The Additional Buyer's Stamp Duty (ABSD), for example, could be collected upon the completion of a new property rather than upfront, so genuine buyers do not face cash flow constraints, she suggested.
And if a genuine upgrader sells his first flat within a certain period, Ms Foo said he should not need to pay the additional stamp duty at all.
Ensuring that the skills of PMEs remain relevant as the economy restructures was another recurring theme.
MP for Nee Soon GRC Patrick Tay suggested the expansion of the Workforce Skills Qualifications framework to focus on PMEs, and not just rank and file workers. He also proposed greater access to funds for adult learning.
"If all great athletes have great coaches and mentors, why should we not extend this to our PMEs with a ready menu of training programmes to sign up for, and mentors and coaches to help them navigate and negotiate the challenges?" he asked.
He also urged a review of the current absentee payroll, which is pegged at the same rate as rank-and-file.
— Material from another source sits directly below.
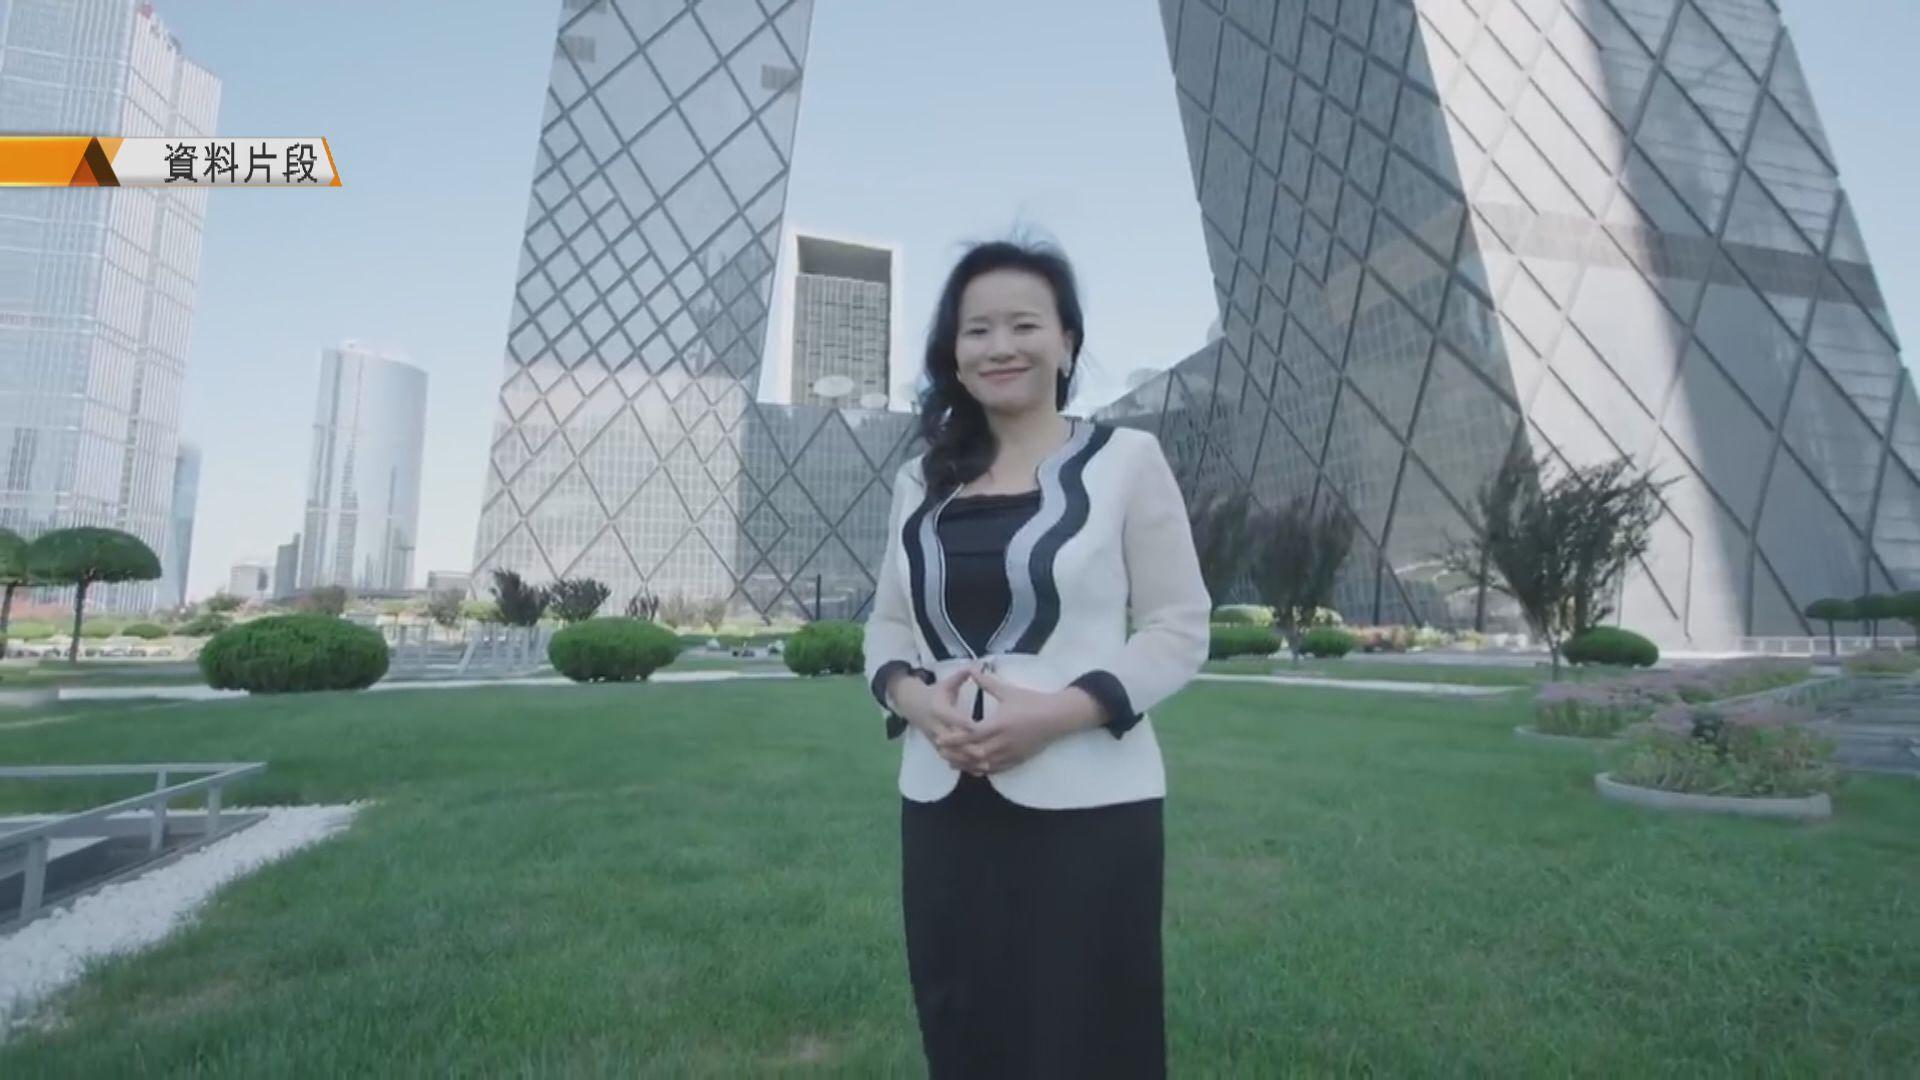 澳洲指中國上周五正式拘捕成蕾

"It is implausible for employers to release their PME staff for training as the salary portion to be recovered is insufficient. Besides, our current offerings are confined to different industry verticals and may well lack sufficient choices to inspire our PMEs," Mr Tay said.
MPs also spoke about heart being at the centre of government policies.
They say it is no longer just about hardware and infrastructure. Rather, it is about selling government policies in ways that can win the hearts and minds of an increasingly demanding electorate.